For all his faults (and, oh, he has some), screenwriter/series creator Nic Pizzolatto has a real aptitude for layering intrigue upon intrigue through tricky chronological moves and story swerves both dramatic and subtle. He’s able to keep viewers on their toes by generating an overall air of distrust and unreliability, with the subjective ways various characters view an incident or a person proving to be gradually, inexorably gripping – will the truth be revealed, and what kind of twisted path must we take to uncover it? (Pizzolatto’s yen for 80-proof dialogue remains intact too: a line like “I remember it as the day Steve McQueen died” indicates our boy is either utterly lacking in self-awareness or thoroughly committed to his bit.)
Our hero this time around is Arkansas state police officer Wayne Hays (Moonlight’s Mahershala Ali), who’s investigating the case of the missing children – a brother and sister – in 1980, recalling the particulars of the investigation while being questioned by superiors in 1990 and once again dredging up the details in 2015, this time as a retired, elderly widower struggling with a rapidly fading memory while being interviewed by a TV journalist (her show is titled ‘True Criminal’ – wink wink).

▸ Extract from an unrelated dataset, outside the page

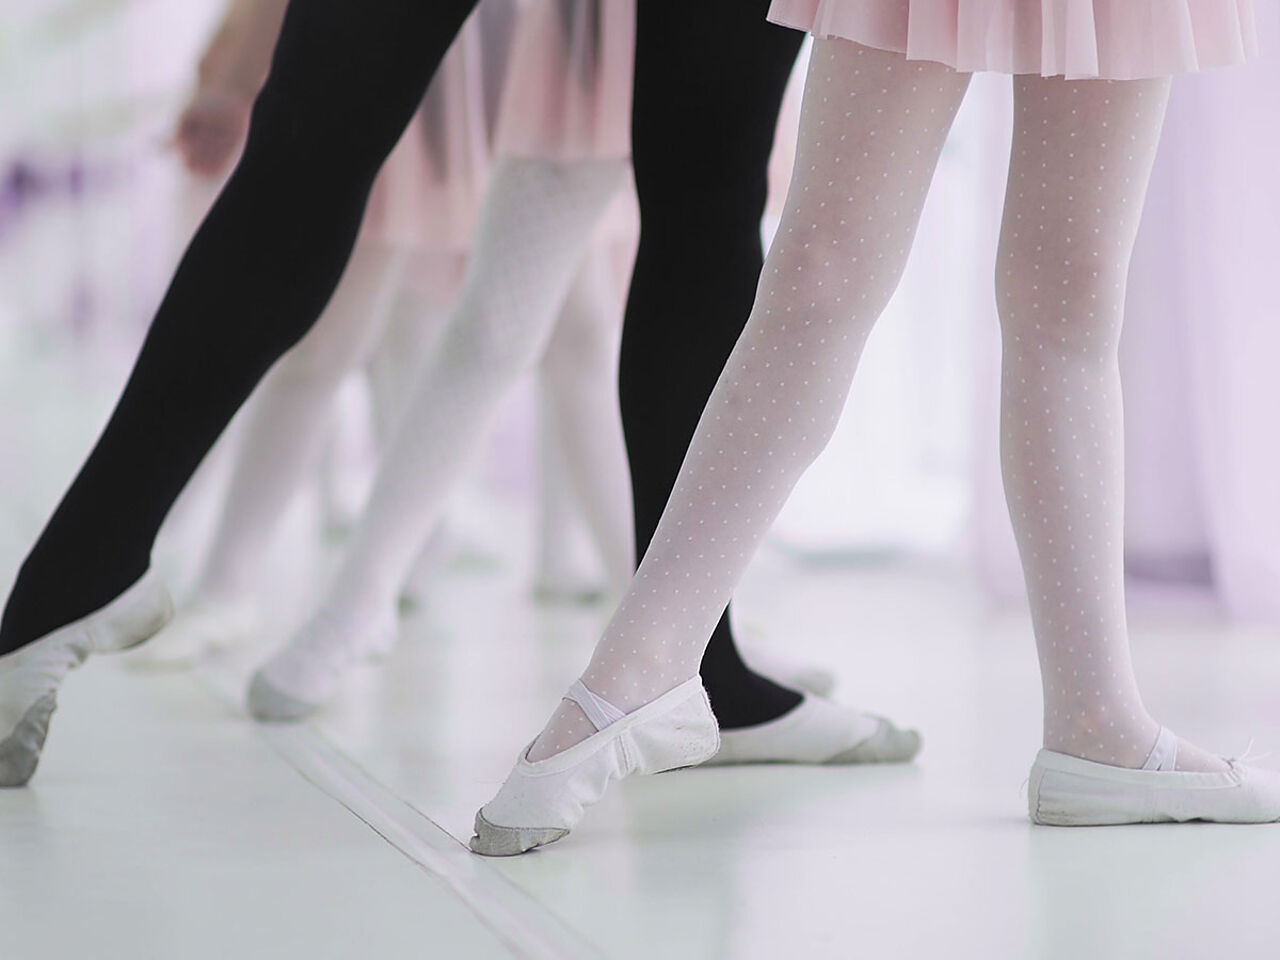 バレエの練習をしている女の子たちの足の画像

Hays isn’t as instantly compelling as McConaughey’s verbose, nihilistic True Detective character Rust Cohle, although Oscar winner Ali does a fantastic job of fleshing him out without being demonstrative about it – he uses his innate calm and command of the screen to centre things, only gradually showing the stress points and fault lines. And he brings great stuff out of the actors alongside him. Anyone with any taste knows Carmen Ejogo is always worth watching (if you haven’t seen her in season two of The Girlfriend Experience, remedy that quick-smart) but she’s marvellous here as Hays’ wife, a teacher who writes a book about the missing children and soon becomes regarded as the authority on the case, to Hays’ consternation. And ‘90s boy Stephen Dorff – an actor Hollywood seems hellbent on making happen every few years – has a sturdy, second-string presence as Hays’ partner.
The pilot episode of True Detective’s new season is directed by Jeremy Saulnier – who apparently butted heads with Pizzolatto and jumped or was pushed from the production, with other directors, including Pizzolatto himself, handling the bulk of the remaining episodes – and the helmer of Green Room and Hold the Dark brings his knack for the slow burn to his establishment of the case, the characters and the milieu. He’s a tremendously patient director, Saulnier, and he cagily draws you into True Detective’s web so well that you may find yourself eager for the next episode before you even realise you’re snared.